→ **Data block**

%%

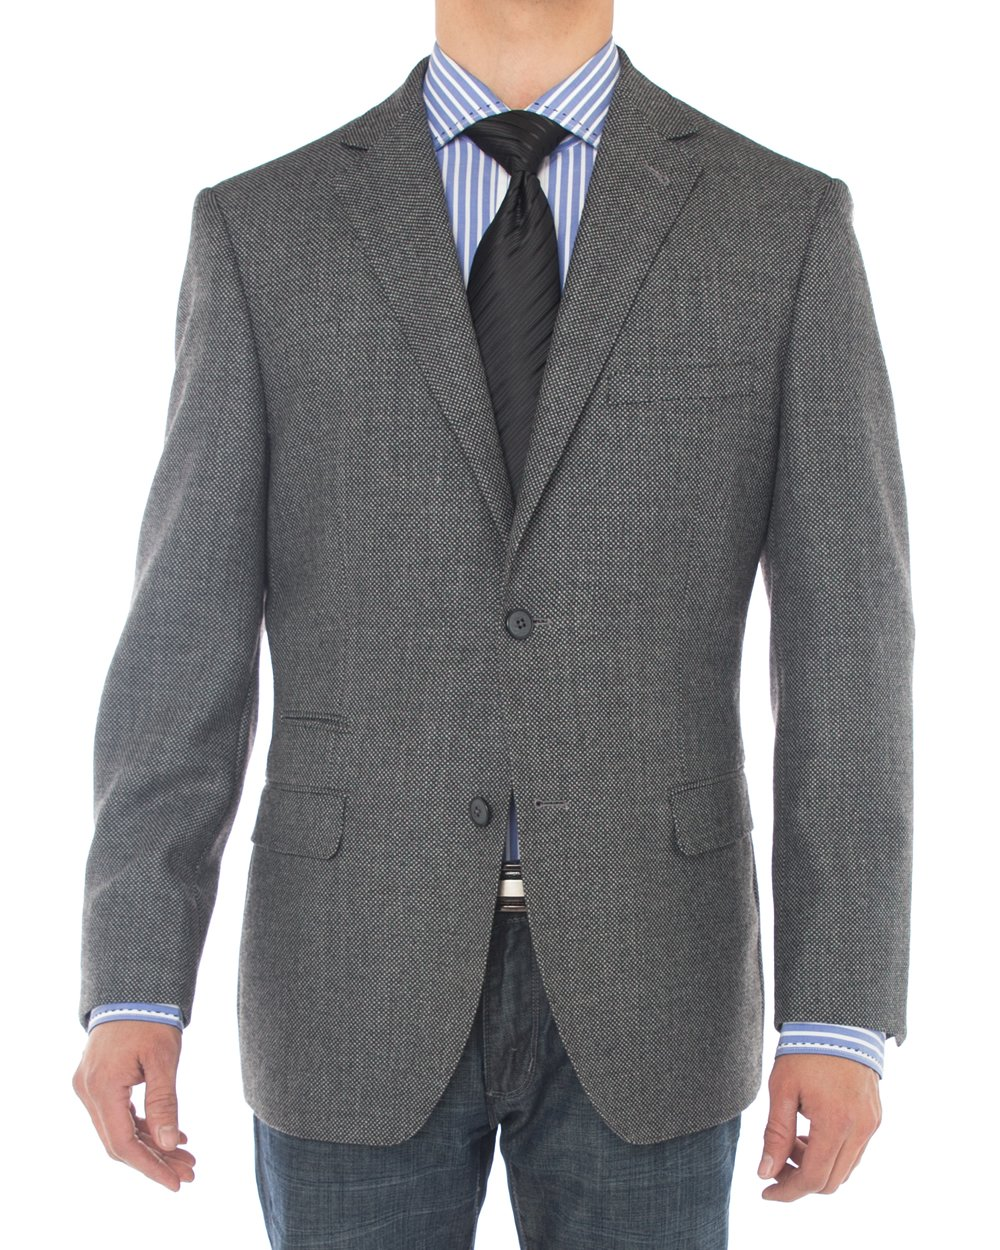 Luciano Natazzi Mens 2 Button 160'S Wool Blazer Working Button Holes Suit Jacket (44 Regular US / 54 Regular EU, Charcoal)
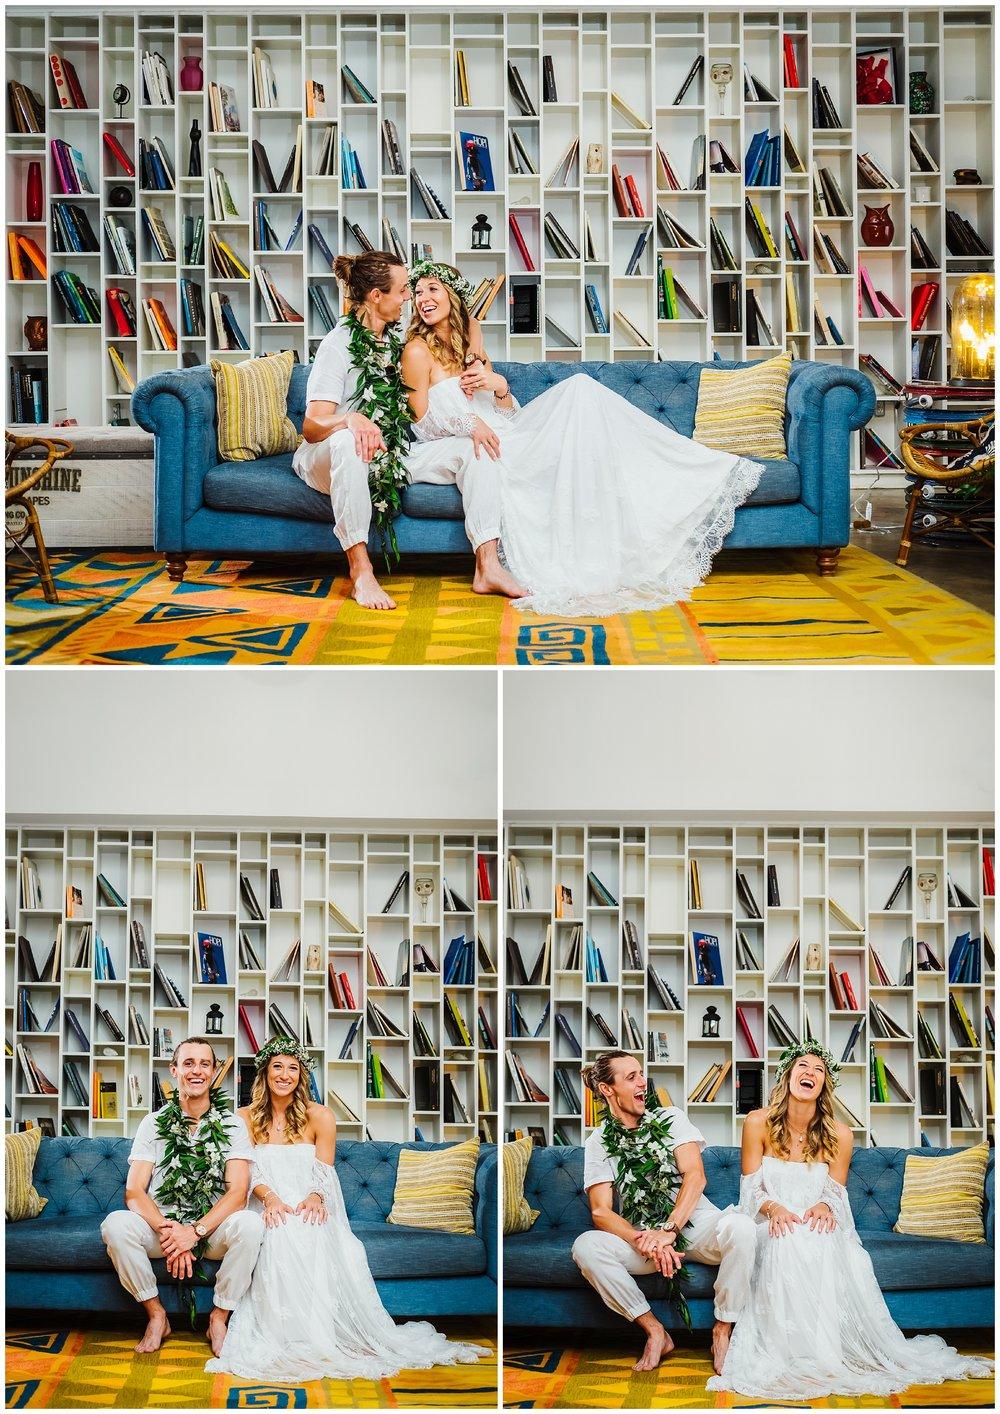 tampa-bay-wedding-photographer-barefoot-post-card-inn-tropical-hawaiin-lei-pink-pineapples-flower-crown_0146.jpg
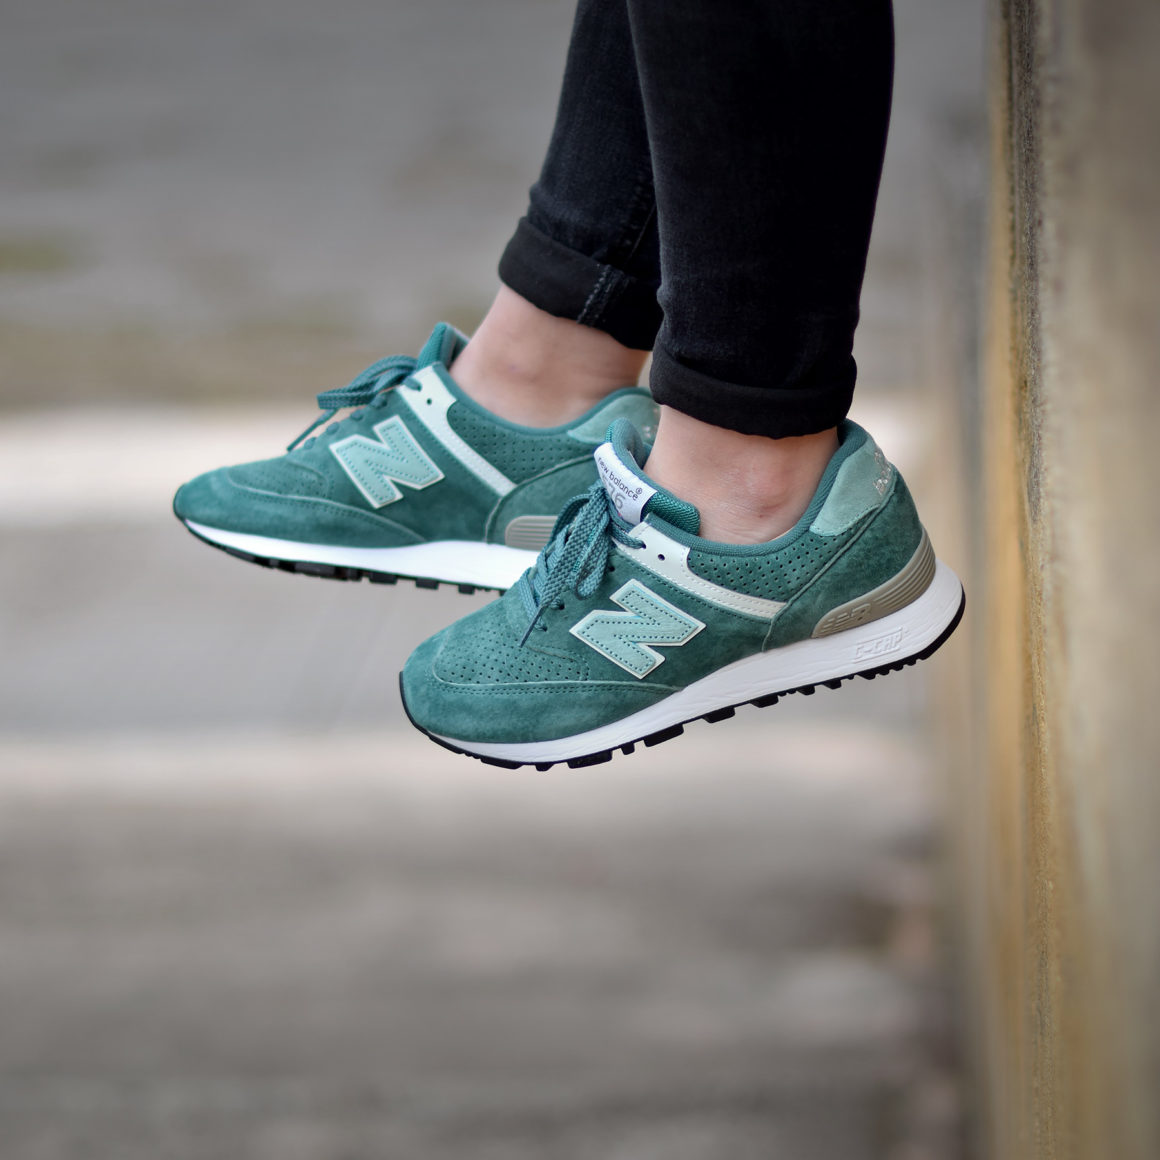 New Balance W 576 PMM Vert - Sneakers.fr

%%

→ **Task directions**
Once the pictures are set aside, give the listing again word for word.

→ **Solution for this problem**
 Luciano Natazzi Mens 2 Button 160'S Wool Blazer Working Button Holes Suit Jacket (44 Regular US / 54 Regular EU, Charcoal)
 tampa-bay-wedding-photographer-barefoot-post-card-inn-tropical-hawaiin-lei-pink-pineapples-flower-crown_0146.jpg
 New Balance W 576 PMM Vert - Sneakers.fr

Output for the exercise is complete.